Sydney Chin

Personal information
- Born: Sydney Chin Sy Xuan 16 August 1999 (age 26)
- Occupation(s): Martial artist, athlete

Sport
- Sport: Wushu
- Event(s): Taijiquan, Taijijian
- Team: Malaysia Wushu Team

Medal record
Women's Wushu Taolu
Representing Malaysia
World Games
| Bronze medal – third place | 2025 Chengdu | Taijiquan / Taijijian |
World Cup
| Bronze medal – third place | 2024 Yokohama | Taijiquan |
World Championships
| Silver medal – second place | 2023 Fort Worth | Taijijian |
World University Championships
| Bronze medal – third place | 2018 Macau | Taijiquan |
Asian Championships
| Bronze medal – third place | 2024 Macau | Taijiquan Doubles |
Asian Cup
| Silver medal – second place | 2025 Songyuan | Pair Taijiquan |
SEA Games
| Gold medal – first place | 2025 Thailand | Duilian Bare-handed |
| Silver medal – second place | 2023 Cambodia | Taijijian + Taijiquan |
| Bronze medal – third place | 2025 Thailand | Taijijian + Taijiquan |
| Bronze medal – third place | 2021 Vietnam | Taijiquan |

= Sydney Chin =

Malaysian wushu practitioner

Sydney Chin Sy Xuan (陈书文 (Chén Shūwén); born 16 August 1999) is a Malaysian wushu taolu athlete specialising in taijiquan and taijijian.

== Career ==
At the 2018 World University Wushu Championships, Chin won the bronze medal in the taijiquan.

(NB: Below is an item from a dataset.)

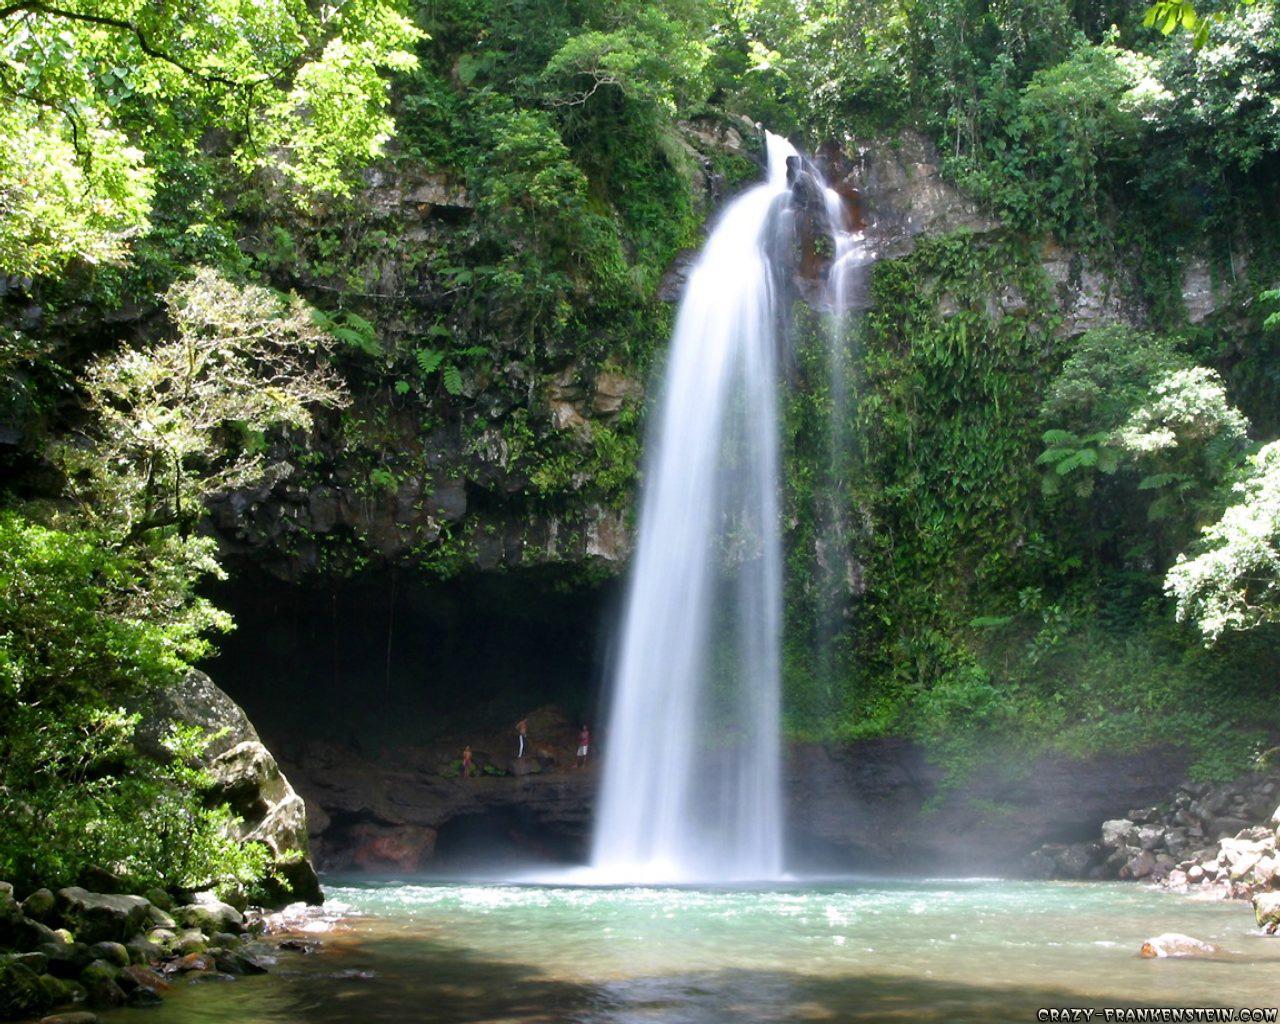 http://3.bp.blogspot.com/-MGrSDJejc3k/UEdJK3GVrfI/AAAAAAAAGL0/0f-SrYk-TUo/s1600/Beauty+Lowe+Rbouma+Waterfall.jpg

Chin competed in the 2021 Southeast Asian Games (hosted in 2022) where she won the bronze medal in taijiquan.

At the 2023 SEA Games, Chin won the silver medal in taijiquan / taijijian. Several months later, she competed in the 2022 Asian Games (hosted in 2023) in Hangzhou, China, where she finished in fourth place women's taijiquan, finishing behind Chen Suijin who won the bronze medal. She then competed in the 2023 World Wushu Championships in Fort Worth, United States, where she won the silver medal.

Several months later, Chin competed in the 2024 Asian Wushu Championships and won the bronze medal in taijiquan doubles. Shortly after, she won the bronze medal in taijiquan at the 2024 Taolu World Cup.

A year later, Chin won a silver medal in pair taijiquan at the 2025 Asian Taolu Cup. At the 2025 World Games, she won the bronze medal in Taijiquan / Taijijian. At the 2025 SEA Games, she won a gold medal in duilian bare-handed and the bronze medal in the Taijijian + Taijiquan.